▸ Material provided:
- - - - -
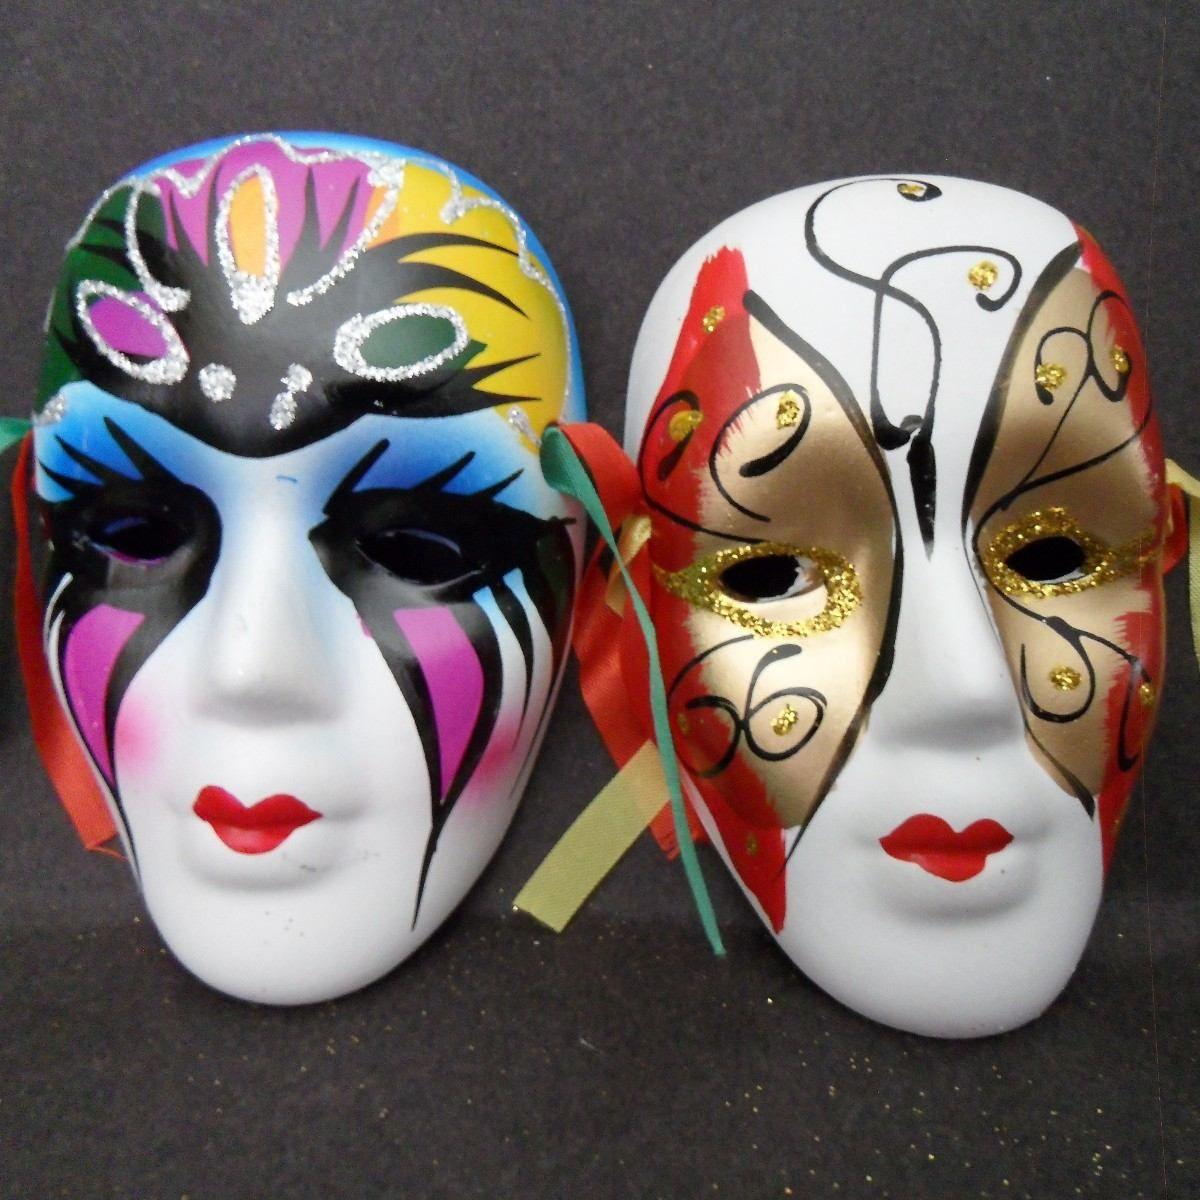 Hermosas Mascaras Decorativas Un Set De 6 Mascaras Medianas
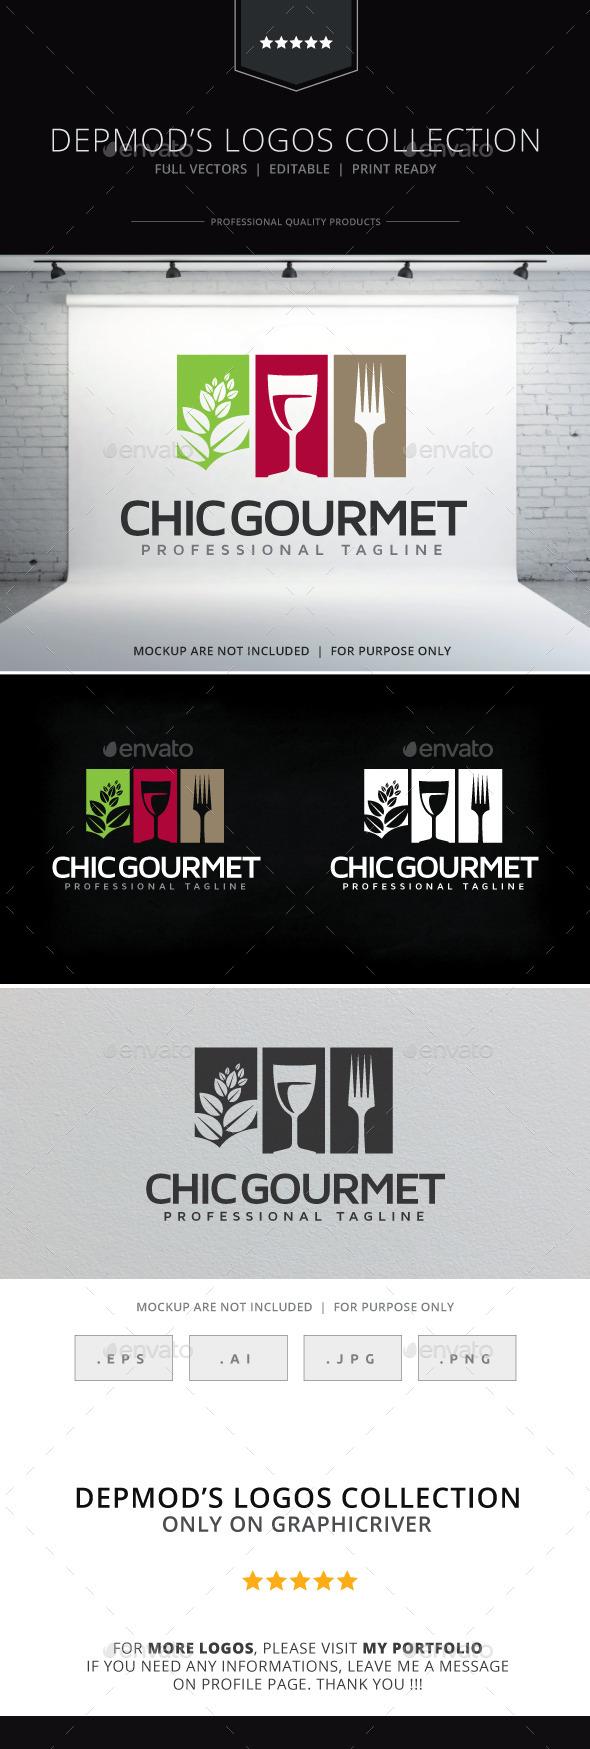 GraphicRiver Chic Gourmet Logo 10255321
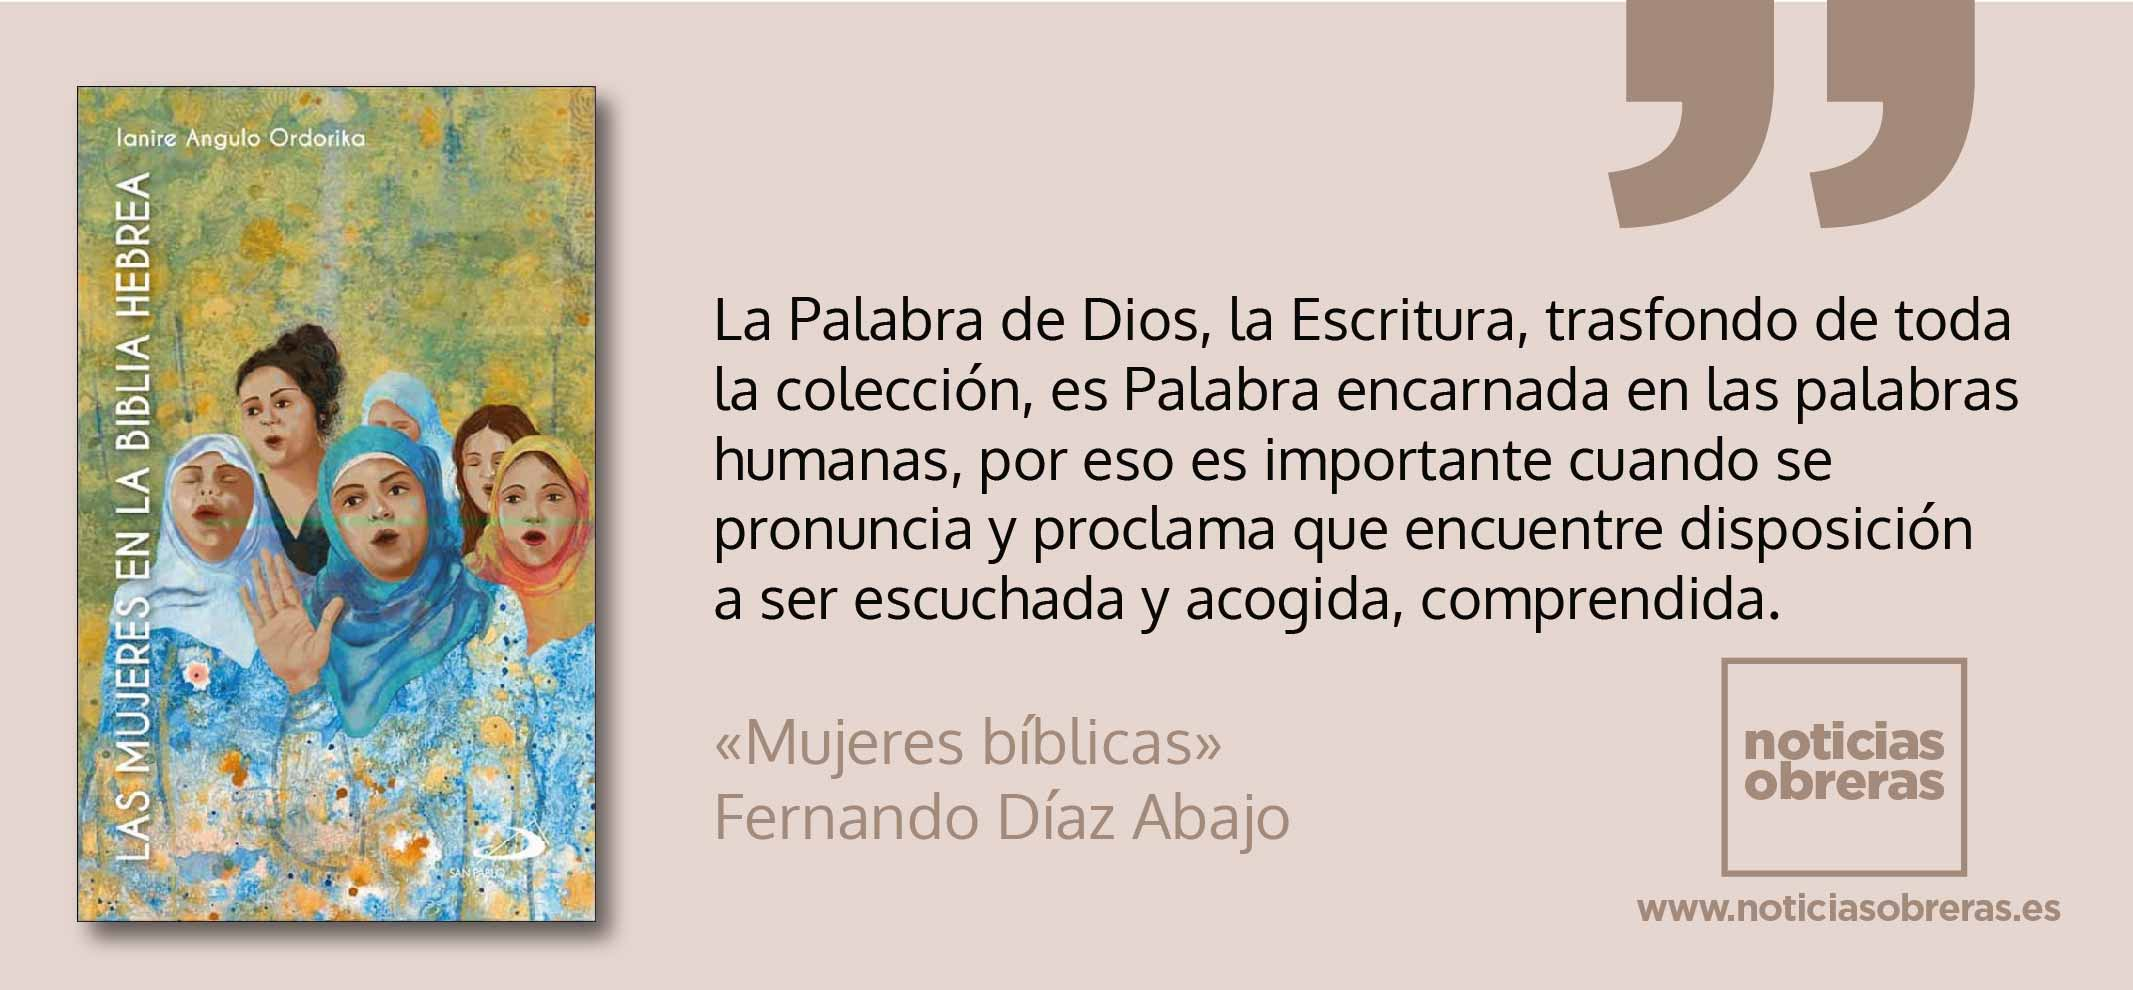 Mujeres bíblicas
- - - - -
▸ The problem:
Could you repeat the listing above exactly, omitting its pictures?

▸ Exercise solution:
 Hermosas Mascaras Decorativas Un Set De 6 Mascaras Medianas
 GraphicRiver Chic Gourmet Logo 10255321
 Mujeres bíblicas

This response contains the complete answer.